Why didn't Mr Maude explain to such couples that the price they paid for a house two years ago, at considerably in excess of its present day value, arose directly from Government expansion of credit, that higher mortgage interest changes also arise directly from Government policies; that the freeze on salaries, in most of their cases, at way below the 12 per cent average, is also Government policy to help them. Why didn't he console them by pointing out that people with money in building societies, savings bonds and National Savings have in some respects suffered even worse, but that all these things are what Mr Heath described recently as "the problems of success."

Whether these couples were sensible to vote Liberal is very doubtful, but it would be the height of wishful thinking to expect them to vote Tory, having had first hand experience of Mr Heath's quiet revolution.

For two years now it has been obvious to all with eyes to see that the back-bone of the Tory support of which ti.es. young couples naively believing in the Tory Party's propertyowning democracy are a segment, has felt, in my view correctly, that it found no place in the Heath Government's concerns. Mr Heath has created the impression of regarding only the CBI, which represents the biggest, not the best, in British industry, and the TUC, with its natural affinity to the Labour Party, and anyway representing less than half the "workers," as being the only organisations deserving of consultation.

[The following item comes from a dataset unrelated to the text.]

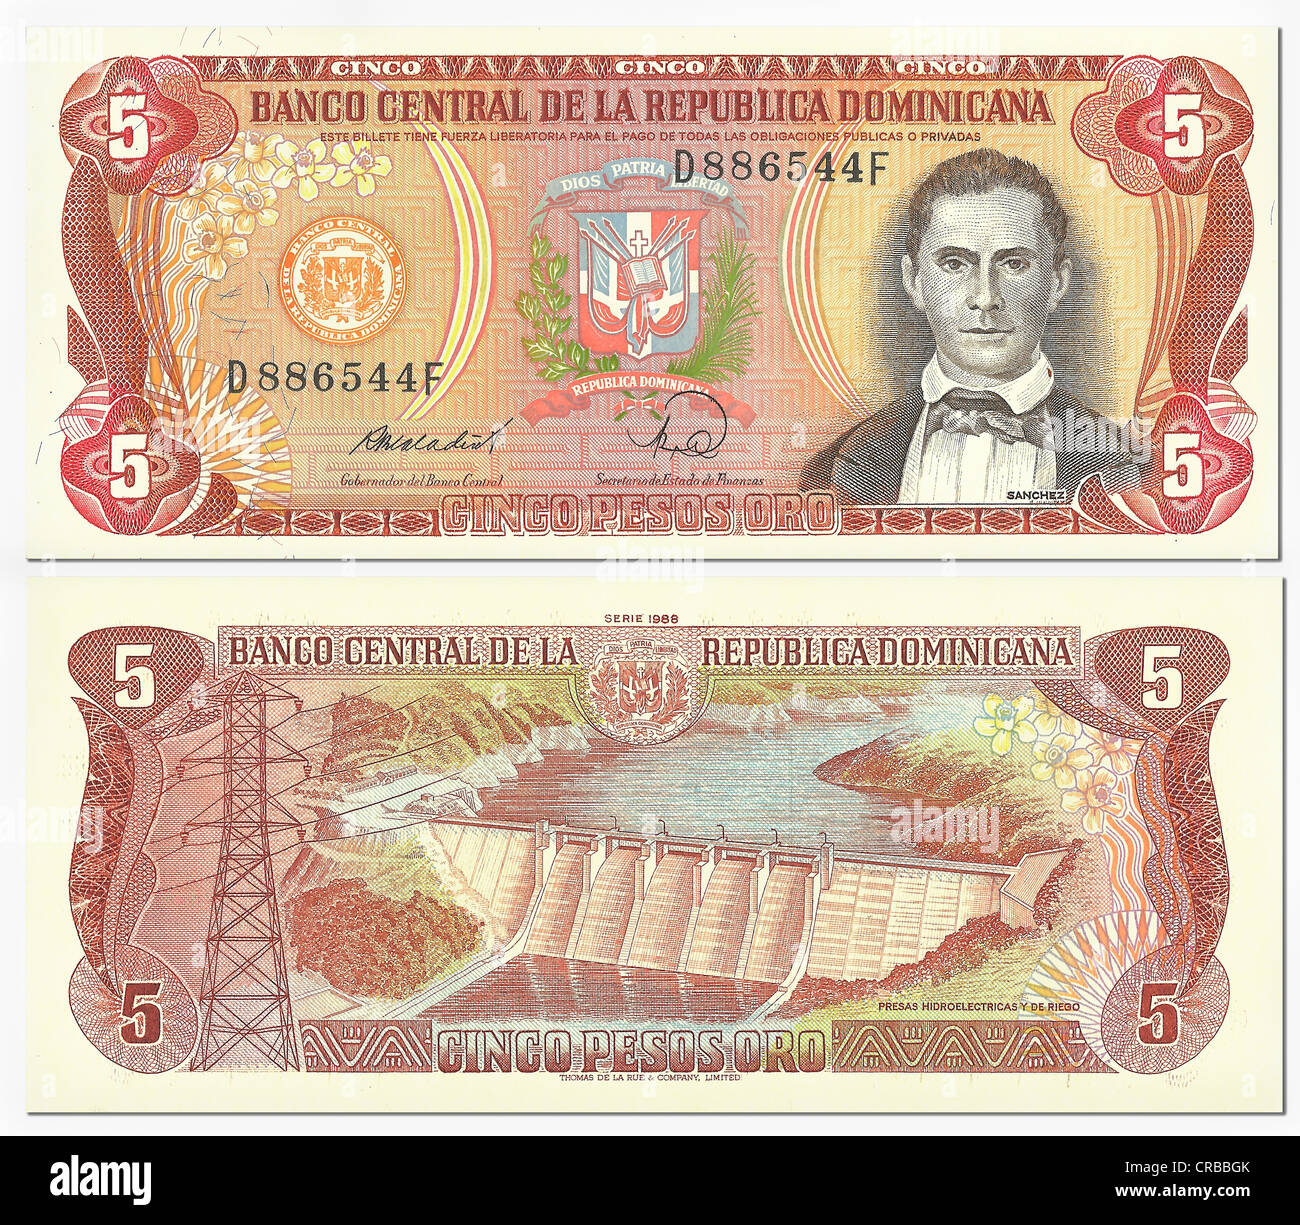 Historische Banknoten, vorne und hinten, 5 Pesos Oro, Dominikanische Republik, Banco Central Republica Dominicana Stockfoto

'Mr Maude, and the rest of the Heathmen, may consider that loyalty is the Tory Party's secret weapon, but it will not win over the disillusioned, nor does it deserve to do. The Tory Party needs to make up its mind where it is going and it will need to convince a now doubting electorate as to the credibility of the policies it puts forward, and of its determination to carry them out.

I would suggest that as a start the following words of the 1970 Tory manifesto should be re-read, re-learned and inwardly digested. "There has been too much Government, there will be less. We reject the detailed intervention of socialism which usurps the functions of management and seeks to dictate prices and earnings in industry." That it should be necessary to do so after three-and-a-half years of the Heath Government is I think sufficient indictment in itself of the betrayal of the Tory Party by Mr Heath and his associates. Loyalty is surely to the Party, not to a leader it has found wanting, and members with the true interests of the Party at heart will surely echo the words of Cromwell, "You have been here too long for any good you have been doing. Depart, I say, and let us have done with you."

Alfred G. Foulds Malting Farm, Bentley, Nr. Ipswich.